First Quarter of 2022 and Recent Corporate Highlights

Ofra-vec Oncology Program

Completed enrollment in the Phase 3 OVAL registration-enabling trial evaluating ofra-vec (ofranergene obadenovec; `VB-111`) in recurrent platinum-resistant ovarian cancer, with a total of 409 patients enrolled globally.
The U.S. Food and Drug Administration (FDA) granted fast track designation for ofra-vec in combination with paclitaxel for the treatment of platinum-resistant ovarian cancer.
The Independent Data Safety Monitoring Committee (iDSMC) conducted a pre-planned safety review of the 370 patients randomized in the OVAL trial by December 31, 2021, and unanimously recommended that the trial continue as planned.
VBL hosted a key opinion leader (KOL) event on ovarian cancer in New York City, NY on April 11 featuring KOLs Bradley J. Monk, M.D., FACS, FACOG (University of Arizona College of Medicine; Creighton University School of Medicine), Richard Penson, M.D., MRCP (Massachusetts General Hospital) and Kathleen Moore, M.D. (University of Oklahoma College of Medicine). A replay of the event is archived here.
Ofra-vec Phase 2 clinical trials in recurrent glioblastoma multiforme (rGBM) and metastatic colorectal cancer (mCRC) continue as planned, with preliminary data from both trials expected in 2022.
VB-601 Inflammation Program

Presented for the first time molecular mechanistic data on the Monocyte Targeting Technology (MTT) and lead candidate VB-601 at the IMMUNOLOGY 2022 conference in Portland, OR on May 8, 2022. Data explained how VB-601 inhibited the migration of monocytes into inflamed tissues, providing a novel and differentiated approach with potential applications in various chronic inflammatory indications.
Prof.

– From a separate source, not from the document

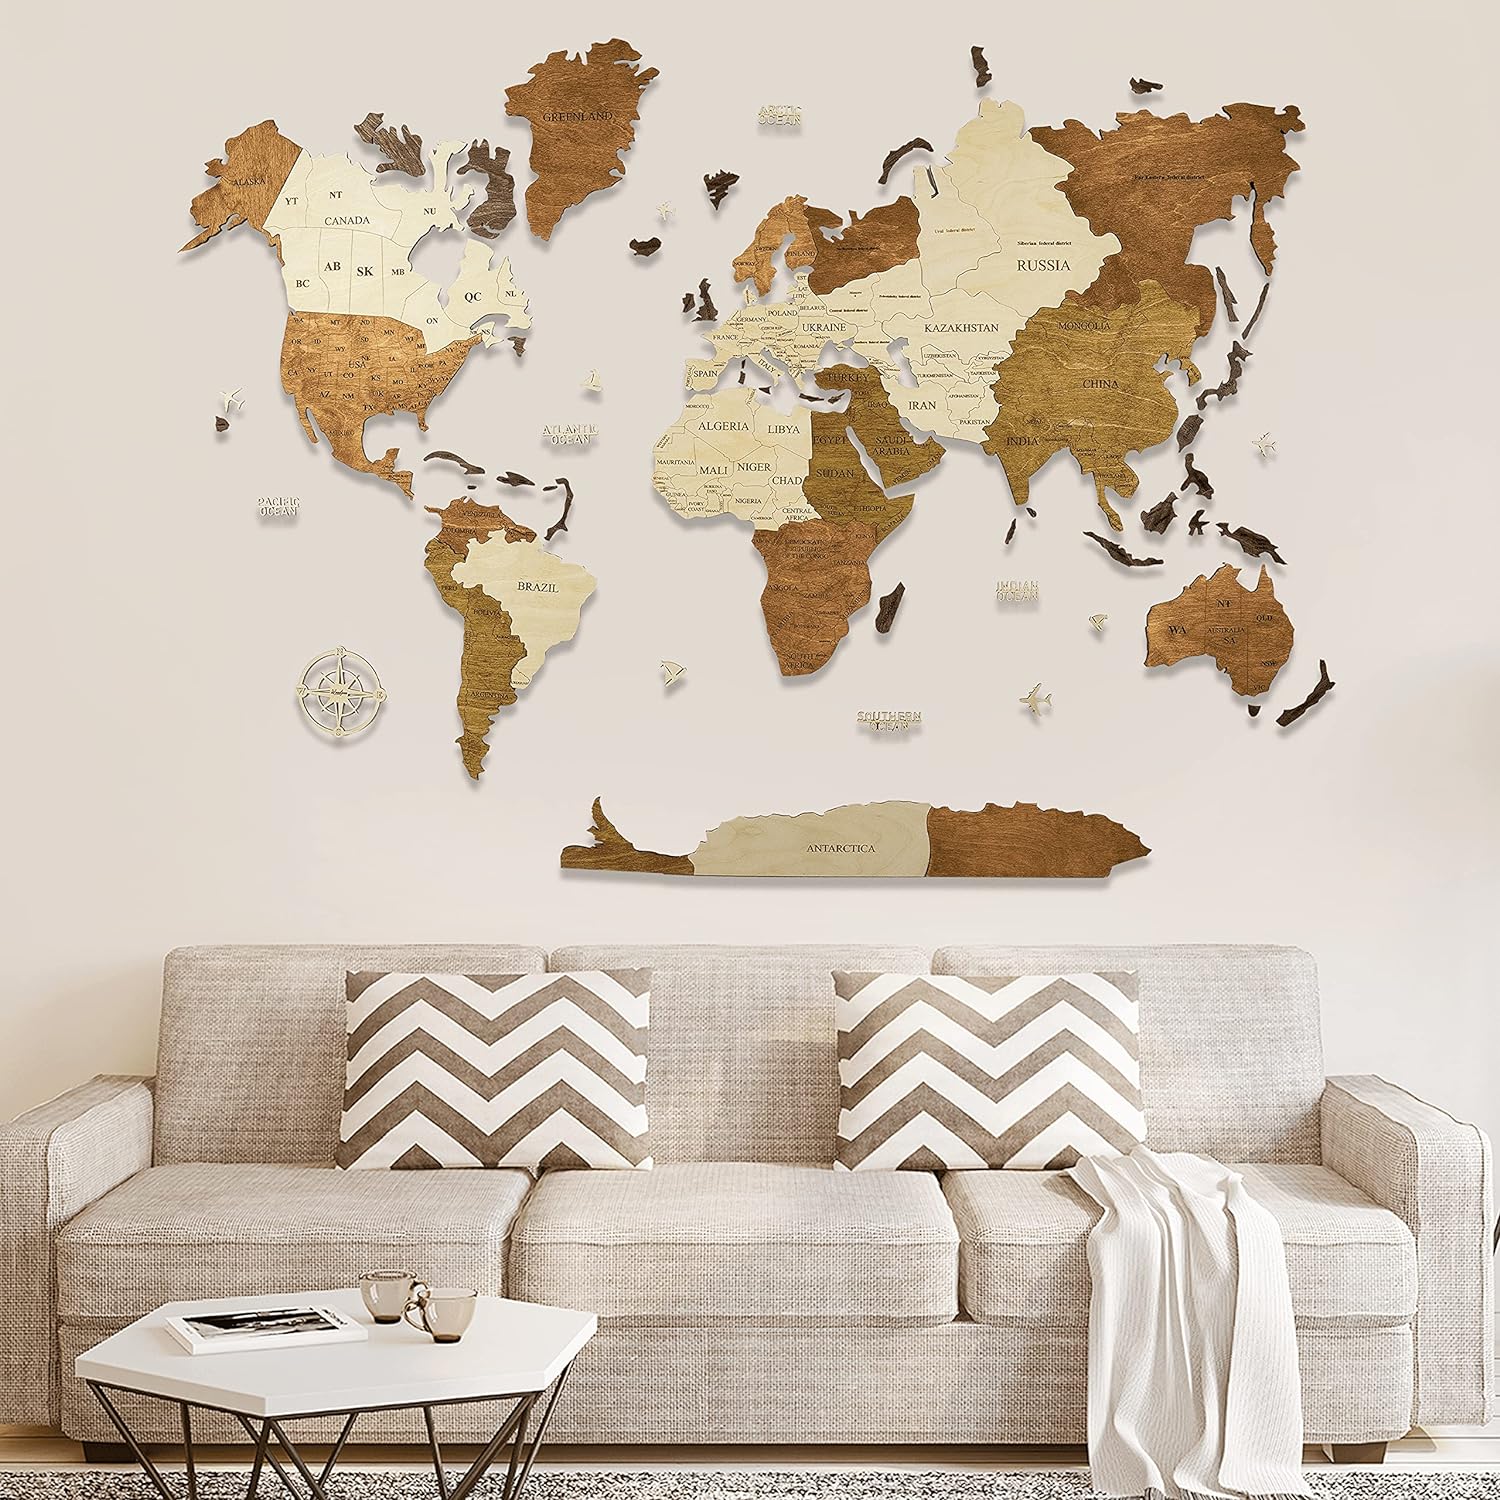 World Map Push Pin 3D Wood World Map Wooden Wall Decor Wood Map Anniversary Gift For Boyfriend Rustic Wall Decor Wall Art For Home & Kitchen Wall Art For Office M, Blank map

Dror Harats delivered a presentation on VB-601 at the LifeSci Partners Immunology & Inflammation Symposium on May 12, 2022. The presentation is archived here.
IND-enabling toxicology studies have been successfully completed for VB-601 and VBL expects to initiate a first-in-human clinical trial for the program in the second half of 2022.
Presentations at 2022 ASCO (Free ASCO Whitepaper) Annual Meeting

Two abstracts highlighting ofra-vec clinical research have been selected for presentation at the upcoming American Society of Clinical Oncology (ASCO) (Free ASCO Whitepaper) 2022 Annual Meeting taking place June 3-7, 2022. These Trial in Progress posters will highlight the Phase 3 OVAL trial of ofra-vec in platinum-resistant ovarian cancer and the Phase 2 trial in surgically accessible rGBM.
Corporate

Strengthened the management team with the appointment of Matthew Trudeau to the newly created position of Chief Commercial Officer and initiated the build out of U.S. operations to further advance VBL’s strategic plan to become a commercial organization.
Financial Results for the First Quarter of 2022

At March 31, 2022, VBL had cash, cash equivalents, short-term bank deposits and restricted bank deposits of $44.8 million. VBL expects that its cash, cash equivalents, short-term bank deposits, and restricted bank deposits will be sufficient to fund currently planned operating expenses and capital expenditures for at least a year beyond the Phase 3 OVAL trial top-line progression free survival (PFS) results.
For the quarter ended March 31, 2022, VBL reported a net loss of $10.4 million, or ($0.13) per basic share, compared to a net loss of 6.3 million, or ($0.12) per basic share, in the comparable period in 2021.
For the quarter ended March 31, 2022, total operating expenses were approximately $10.7 million, consisting of $7.5 million in research and development expenses, net, and $3.2 million in general and administrative expenses. This compares with total operating expenses of $6.5 million in the first quarter ended March 31, 2021, which was comprised of $4.8 million in research and development expenses, net, and $1.7 million in general and administrative expenses.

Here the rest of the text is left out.